A medical approach to AI research in radiology

The current AI trends centred around deep learning have produced a pressure to shift from hypothesis-driven to data-driven research. The data-driven approach can be powerful and lead to novel insights; however, it cannot replace the cognitive integration of complex information combining the semeiological analysis of images features in a precise anatomical and physiopathological context. These methodological approaches have been refined over centuries of scientific and medical thought, and they allow for solutions that are still inaccessible to AI.

AI brings new opportunities, but the fundamental principles of clinical reality do not change. In order to effect real impact on patient care, AI-based research in medical imaging must adhere to first principles in medical science. Research hypotheses, whether AI-based or not, must be clinically relevant and answerable in the clinical domain.

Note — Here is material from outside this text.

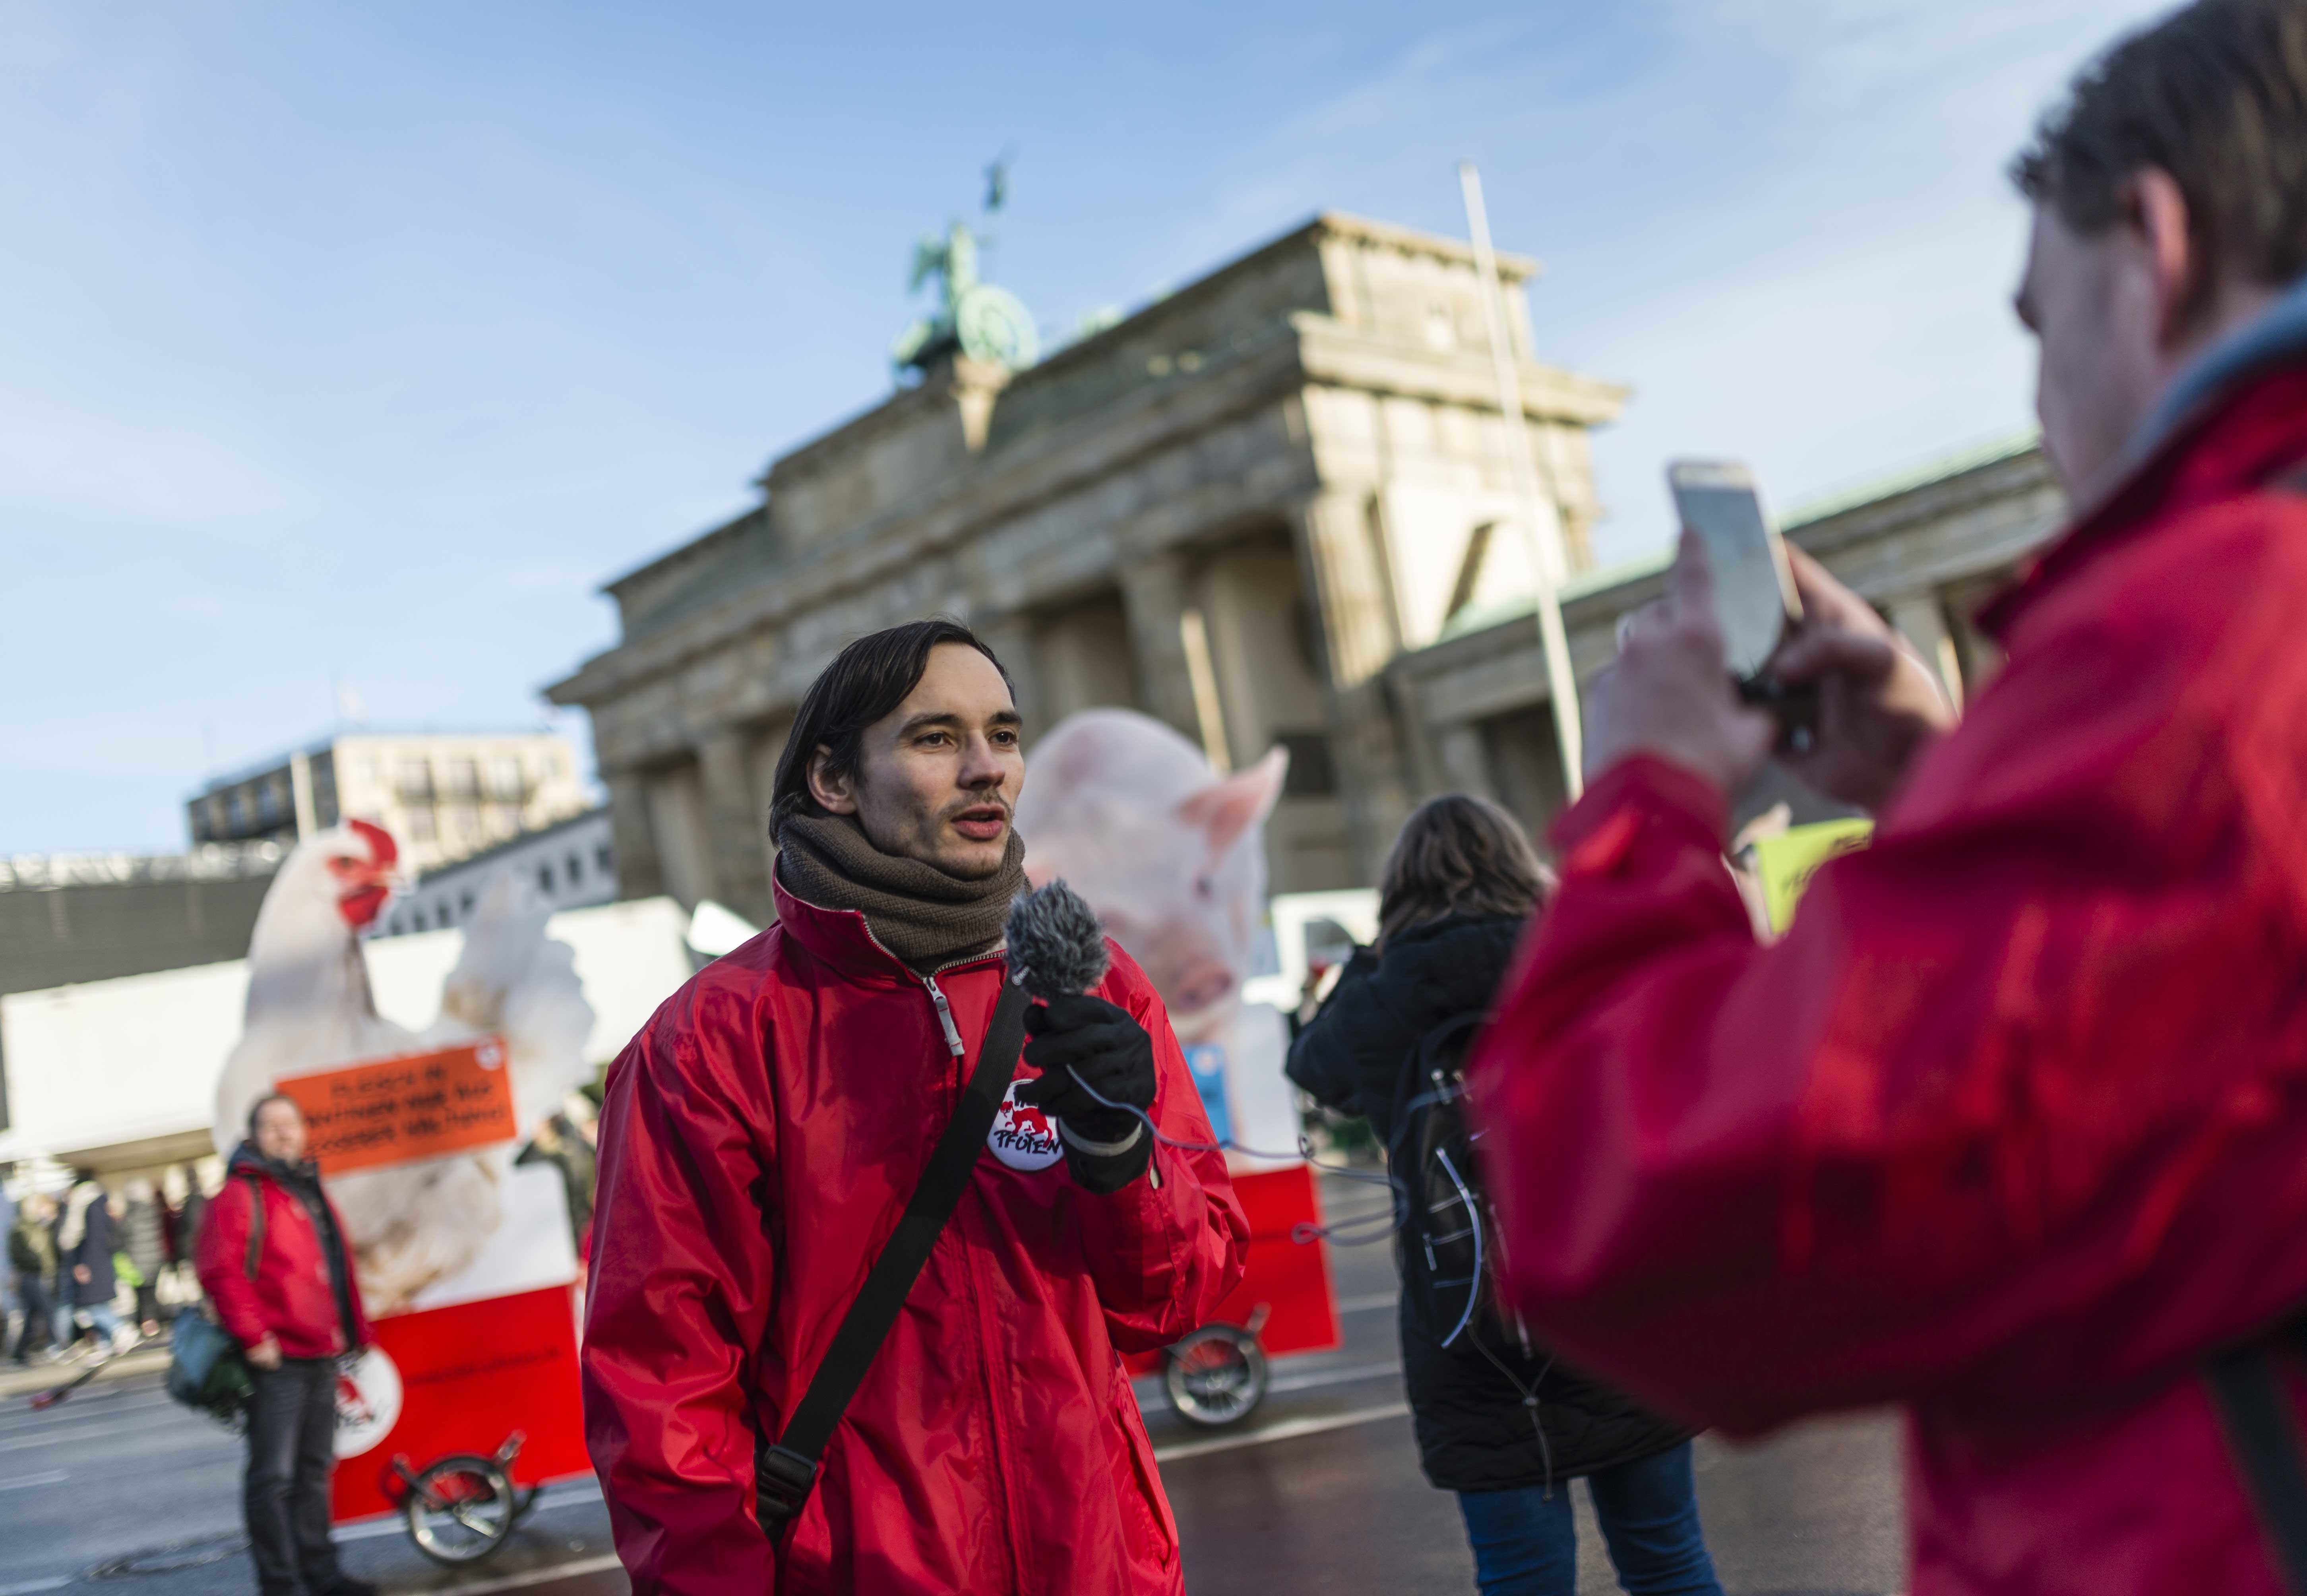 VIER PFOTEN auf der Wir haben es satt Demo im Januar 2020 in Berlin

In Table 2 we have adapted the classical PICO approach [26] to develop focused clinical questions adapted to AI-based research in medical Imaging. PICO is an acronym for patient/problem, intervention, comparison intervention and outcomes.

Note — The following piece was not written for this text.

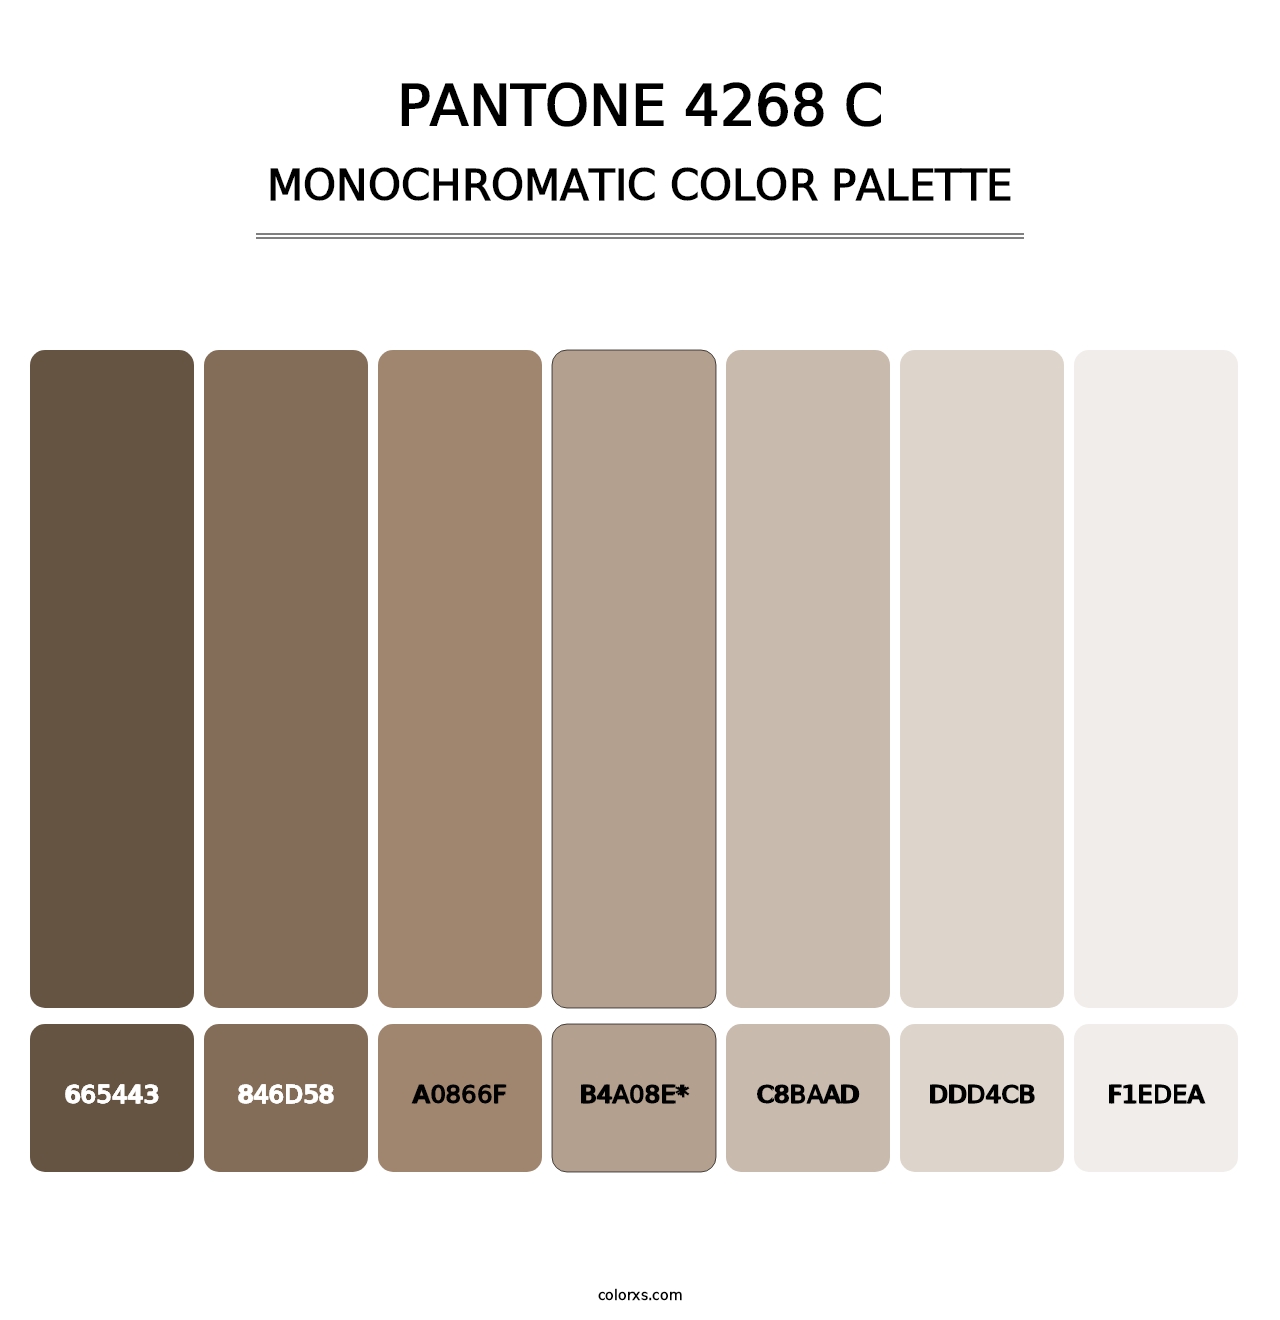 PANTONE 4268 C - Monochromatic Color Palette

Table 2 The PICO approach adapted to developing focused clinical questions for AI-based research in medical Imaging

Because of a certain invincible aura that AI has in popular perception, a common mistake is to expect AI to find analysable information in medical images even where none exists or for which there is no biological plausibility. Akin to perennial concerns in medical research of data dredging and p-hacking [e.g. 27], improperly designed AI experiments could misinform, mislead or without critical analysis could result in patient harm.

In the current literature, AI-based methods are usually evaluated by comparison with expert individual or consensus radiologist performance. However, the influence of clinical history and context, differences in population incidence, and the inherent subjectivity of interpretations can make such experimental paradigms unreliable. Rather, training labels where possible should relate to meaningful patient outcomes and gold standards that exist beyond radiology. At the same time, it is important to compare human and AI performance in terms of efficacy, reproducibility, turnaround time and cost. In that sense, AI should be compared not only to the best experts in the field but also to general practitioners, and possibly also to healthcare systems with limited human resources, for instance those in developing countries. In certain high-need settings, AI may bring additional value, in particular as a screening tool.

Conclusion

Novel computational tools derived from AI are likely to transform radiological practice. The greatest challenge at this time—and also the most exciting opportunity—lies in determining which particular clinical tasks in radiology are the most and least likely to benefit from AI algorithms, given the power but also the limitations of such algorithms. At the same time, regardless of the technology used, it is important to keep in mind that proper clinical hypotheses remain primordial, and an appropriate validation of AI-based methods against actual clinical outcome measures of patient well-being remains the most important measure of success.